Xeric Foundation
- Formation: 1992
- Founder: Peter Laird
- Type: 501(c)(3) Non-profit
- Headquarters: Northampton, Massachusetts
- Region served: North America
- Leader: Peter Laird

= Xeric Foundation =

Non-profit environmental and comic book self-publishing grant organization

The Xeric Foundation is a private, non-profit corporation based in Northampton, Massachusetts, which for twenty years awarded self-publishing grants to comic book creators, as well as qualified charitable and nonprofit organizations. The Xeric Foundation was established by Peter Laird, co-creator of the Teenage Mutant Ninja Turtles.

== Mission and operation ==
Laird founded the Foundation as "an appropriate way to give back something extra to the comics world," by providing grants for self-publishers. Laird stated that the Xeric Foundation is "actually two foundations in one. One half of it is for charitable organizations, and the other half is for creators who want to self-publish their comics." The latter half is what the foundation is best known for.

=== Self-publishing grants ===
The Xeric Foundation supported work of an alternative or non-"mainstream" nature, reasoning that if a comic had strong commercial appeal, it would be picked up by one of the major publishers. The Foundation was a valuable supporter of "art for art's sake" comics, and helped launch the careers of a number of "literary" cartoonists.

The Foundation assisted comic book creators with some of the costs in self-publishing their work; it was not the Foundation's intention to fully support an artist/writer through the entire process of self-publishing, but rather to encourage creators to experience the learning process involved in working towards such a goal.

The creative side of the Foundation involved the usual application process and in addition, the Foundation began with "an advisory committee made up of three ... people working in the industry" whose input was sought on how best to proceed with each application. Submissions were evaluated prior to Laird's involvement, and then he made the ultimate decisions based on their recommendations.

== History ==
Laird founded the Xeric Foundation in 1992, the name "originat[ing] out of a Scrabble game with [Laird's] brother Don," "Xeric" simply being "a word [he] like[d]," literally meaning "dry and desertlike" but which "has absolutely no direct connection with the foundation."

The Foundation's first grant cycle was in September 1992, with the first recipients being Robert Eaton, Michael Kasper, Jeff Nicholson, and Wayne Wise & Fred Wheaton.

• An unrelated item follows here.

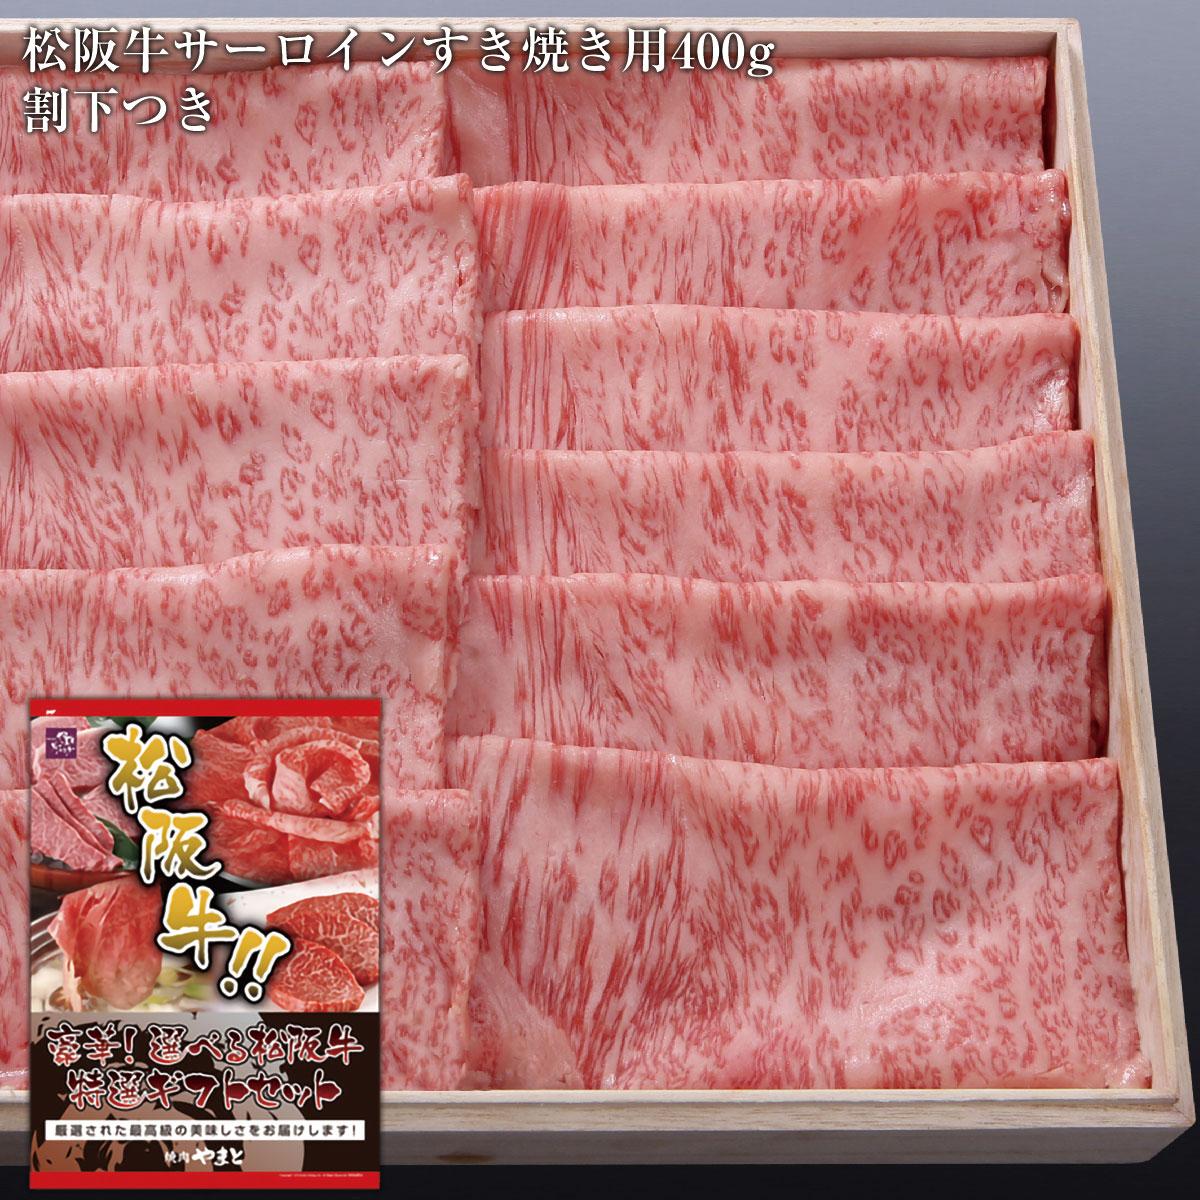 松阪牛目録ギフトCコース

In 1993 Laird discussed the Foundation's projected lifespan:

... knock on wood, God willing, and the creek don't rise, if we go on for another couple of decades, and I'm able to put more money into the basic funding of the Xeric Foundation, then the amount of money that can be given out can really be raised significantly.

He hoped that ultimately the figure can be raised from "thousands of dollars" to "hundreds of thousands of dollars," to support an increasing number of large and small projects.

In July 2011, the Foundation announced it would no longer award publishing grants, but would focus on charitable work like fostering environmentalism, literacy, and the arts. Citing the changing nature of the comics industry, and specifically the ability of cartoonists to publish their work online, founder Laird announced the shift. One round of final grants was awarded in May 2012.

Altogether, the Xeric Foundation has awarded in excess of $2,500,000 since its first grant cycle.

== Xeric Award ==
Notable past winners of the Xeric Grant include Megan Kelso (1993), David Lasky (1993), Jason Lutes (1993), Adrian Tomine (1993), Tom Hart (1994), Jessica Abel (1995), Bebe Williams (1995), James Sturm (1996), Ellen Forney (1997), Jim Ottaviani (1997), Gene Yang (1997), Dawn Brown (1998), Jason Little (1998), David Choe (1999), Nick Bertozzi (1999), Jason Shiga (1999), Farel Dalrymple (2000), Anders Nilsen (2000), Leland Purvis (2000), Daniel Way (2000), Philip Bourassa (2001), Jordan Crane (2001), Brian Ralph (2001), Hans Rickheit (2001), Donna Barr (2002), Derek Kirk Kim (2002), Sonny Liew (2002), Lauren Weinstein (2002), Josh Neufeld (2004), Karl Stevens (2004), Fred Van Lente and Ryan Dunlavey (2004), David Heatley (2005), Jeff Lemire (2005), Jesse Moynihan (2006), and Blaise Larmee (2009).